Czeszki rozegrały po raz kolejny pięciosetowy bój, który mógł się podobać kibicom, mimo typowych dla kobiecej siatkówki zwrotów akcji i zmian w przewadze, co podkreślali po meczu przedstawiciele obu drużyn. Jednak same wrażenia artystycznie nie wystarczyły: fiński zespół wytrzymał presję mimo prowadzenia rywala 2:1 w setach i dzięki wydatnej pomocy Pauliiny Vilponen (27 punktów) wyrównał stan spotkania i pokazał siłę w piątym secie, wygranym do 8.

Dwie porażki z rzędu siatkarek Zdenka Pommera nie przekreślają szans Czeszek na udział w kolejnej edycji ME, ale dają do zrozumienia, że Czeszkom daleko do idealnej gry mimo wsparcia Heleny Havelkovej i Michaeli Mlejnkovej. W drugim meczu grupy E Estonki zdobyły trzy punkty w starciu ze Szwecją, a gwiazda żeńskiej kadry Trzech Koron Isabelle Haak (25 pkt) tym razem była osamotniona.

Kompletem zwycięstw po dwóch kolejkach eliminacji do przyszłorocznych mistrzostw Europy mogą pochwalić się reprezentacje Belgii, Słowenii, Chorwacji, Ukrainy, Grecji, Francji, Finlandii oraz Bośni i Hercegowiny. W barwach ostatniej w wymienionych kadry narodowych znów nieźle spisała się znana z gry w polskiej lidze Dajana Bosković, autorka 14 punktów w spotkaniu przeciwko Łotwie. Niezły debiut w roli selekcjonera Rumunek zanotował Nikołaj Iwanow, który zastąpił Adalinę Angelescu po porażce 2:3 z Bośnią i Hercegowiną. Jego zespół pewnie pokonał w trzech setach rywalki z Hiszpanii.

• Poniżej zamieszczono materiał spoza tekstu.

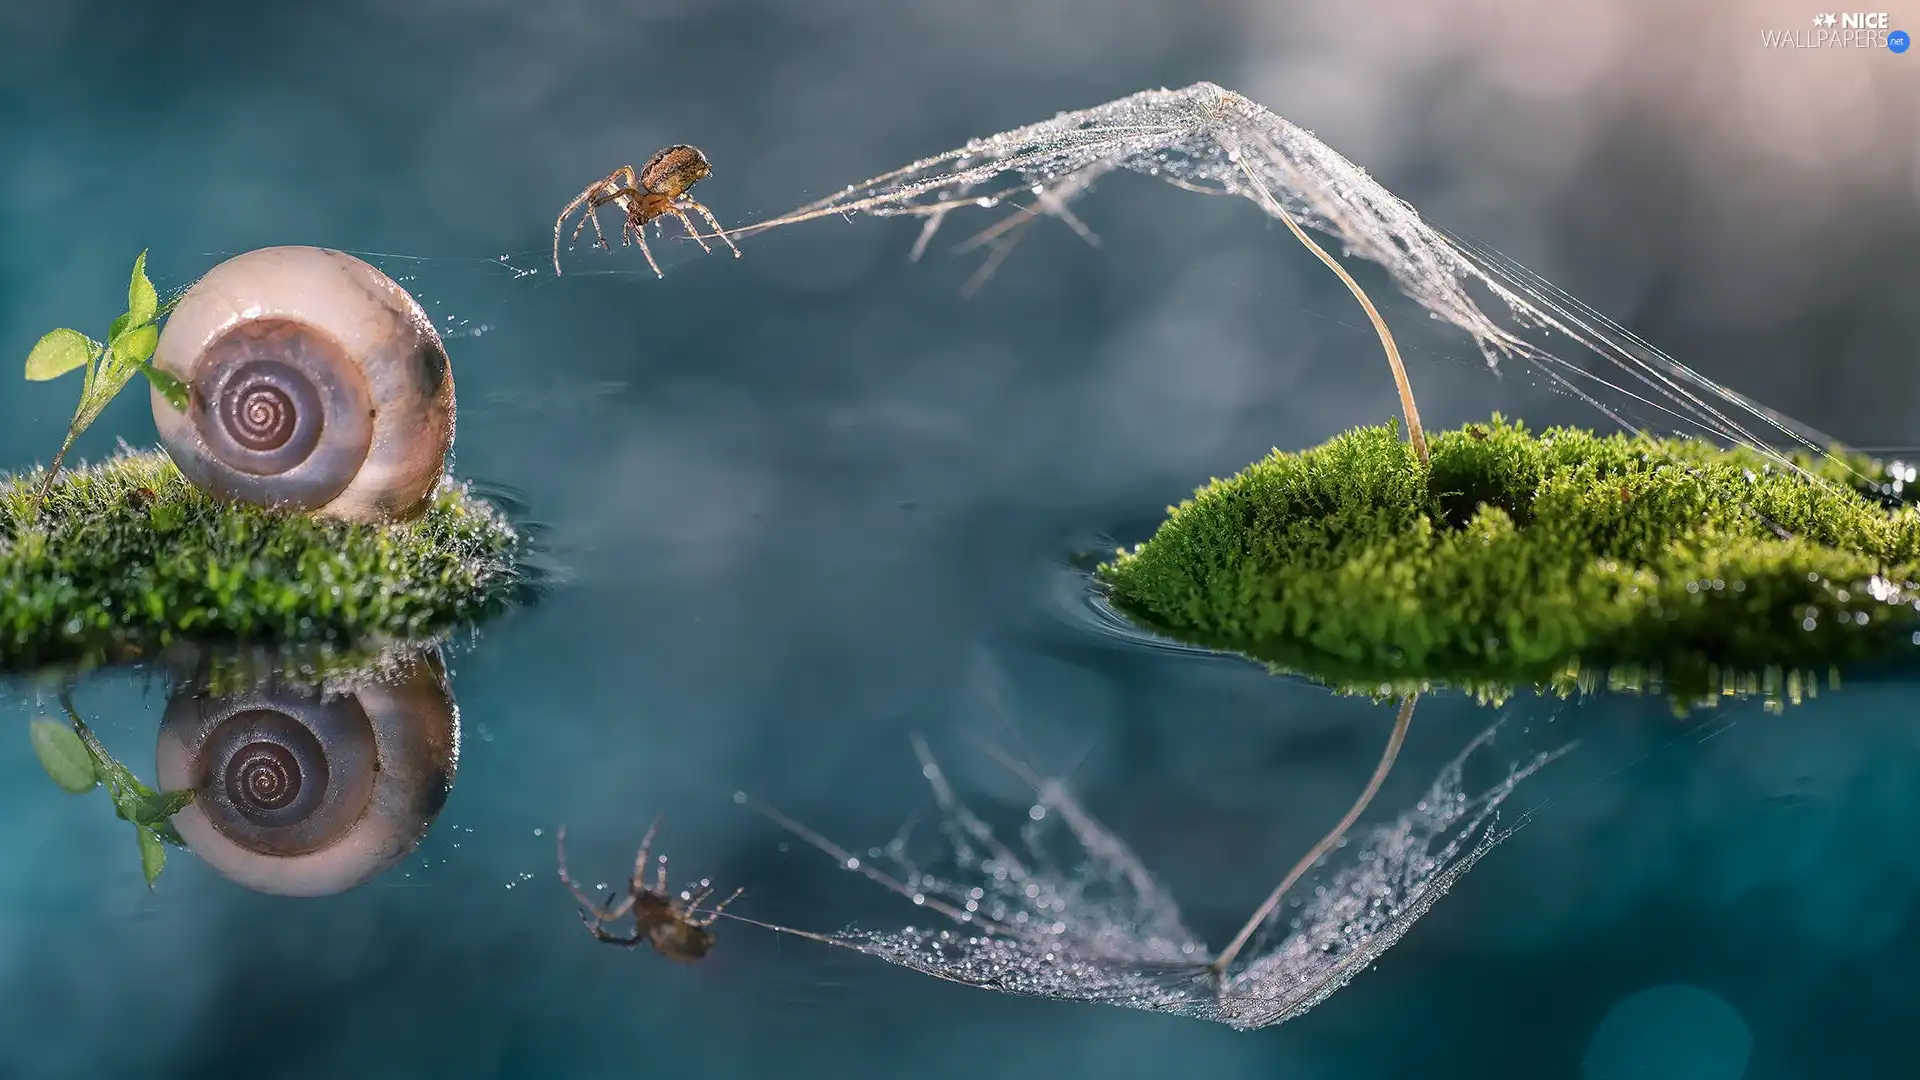 Web, Close, Moss, water, shell, Spider

Mecze kwalifikacyjne będą rozgrywane do 9 stycznia 2019 roku. Do czempionatu Starego Kontynentu zakwalifikują się po dwa najlepsze zespoły z każdej grupy i dołączą do pewnych udziału w ME 8 najlepszych ekip poprzedniej edycji mistrzostw i 4 reprezentacji gospodarzy, tym Polski. Nasz kraj zorganizuje przyszłoroczne mistrzostwa Europy siatkarek wraz z Turcją, Węgrami i Słowacją. W Polsce zostaną rozegrane spotkania grupy B oraz mecze 1/4 finału.

Grupa A:

Izrael - Belgia 0:3 (11:25, 6:25, 11:25)

Islandia - Słowenia 0:3 (18:25, 16:25, 13:25)

Grupa B:

Szwajcaria - Chorwacja 1:3 (25:22, 23:25, 21:25, 13:25)

Albania - Austria 0:3 (21:25, 16:25, 14:25)

Grupa C:

Czarnogóra - Ukraina 0:3 (18:25, 14:25, 17:25)

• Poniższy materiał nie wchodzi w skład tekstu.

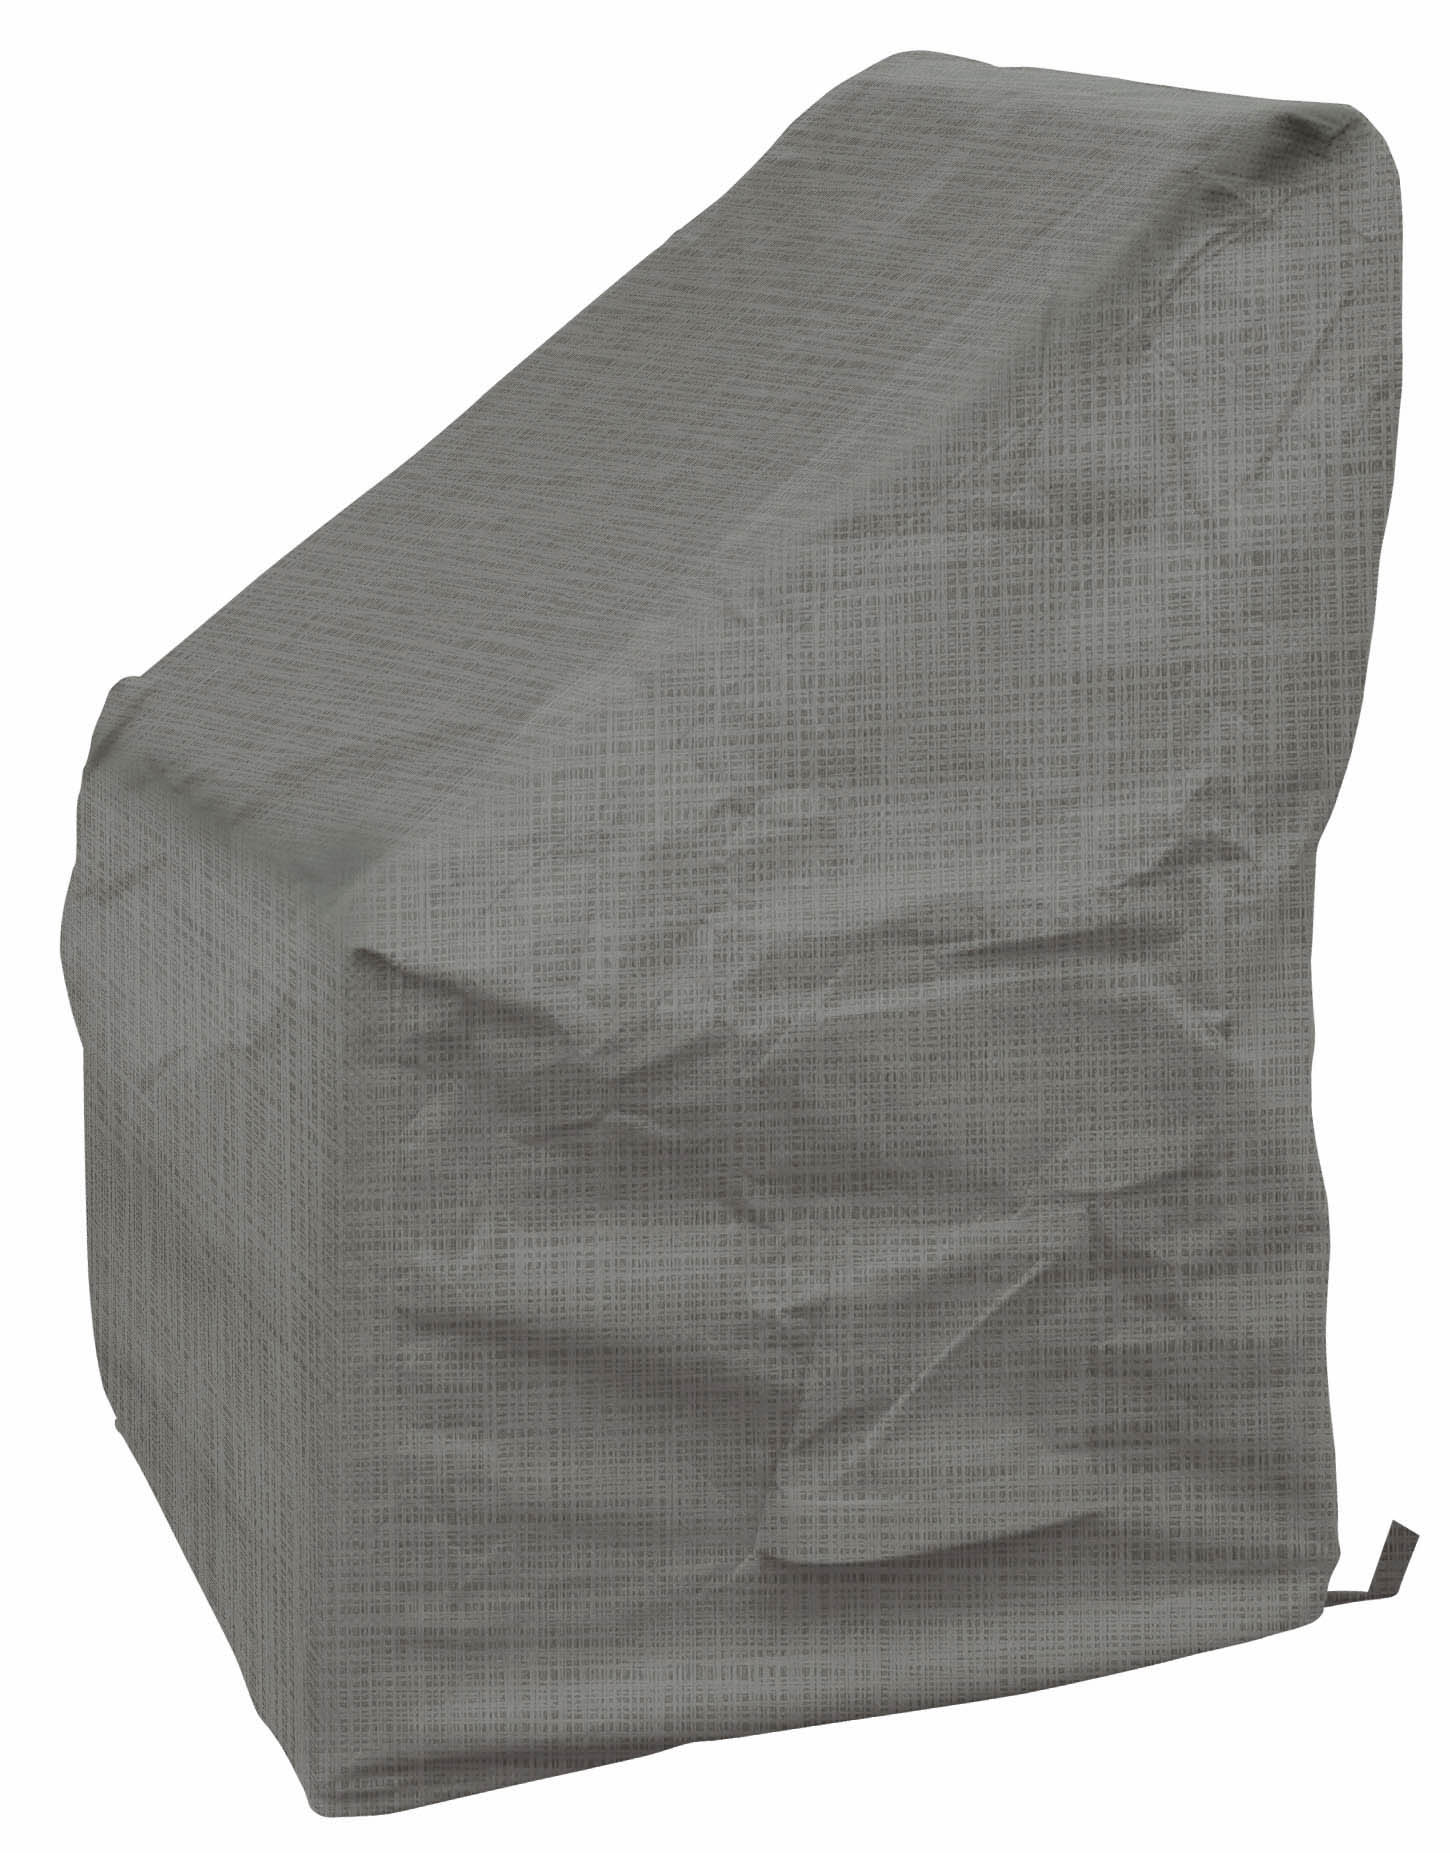 Protective cover lounge chair 78 x 75 H: 90 cm

Norwegia - Grecja 0:3 (20:25, 19:25, 16:25)

Grupa D:

Portugalia - Francja 0:3 (24:26, 18:25, 12:25)

Dania - Gruzja 1:3 (25:21, 17:25, 18:25, 23:25)

Grupa E:

Finlandia - Czechy 3:2 (19:25, 25:15, 21:25, 25:23, 15:8)

Szwecja - Estonia 1:3 (23:25, 23:25, 25:16, 17:25)

Grupa F:

Hiszpania - Rumunia 0:3 (21:25, 23:25, 22:25)

Bośnia i Hercegowina - Łotwa 3:0 (25:8, 25:16, 25:16)

ZOBACZ WIDEO "To dobrze, że dużo mówi". Wilfredo Leon chwali Vitala Heynena

Komentarze (0)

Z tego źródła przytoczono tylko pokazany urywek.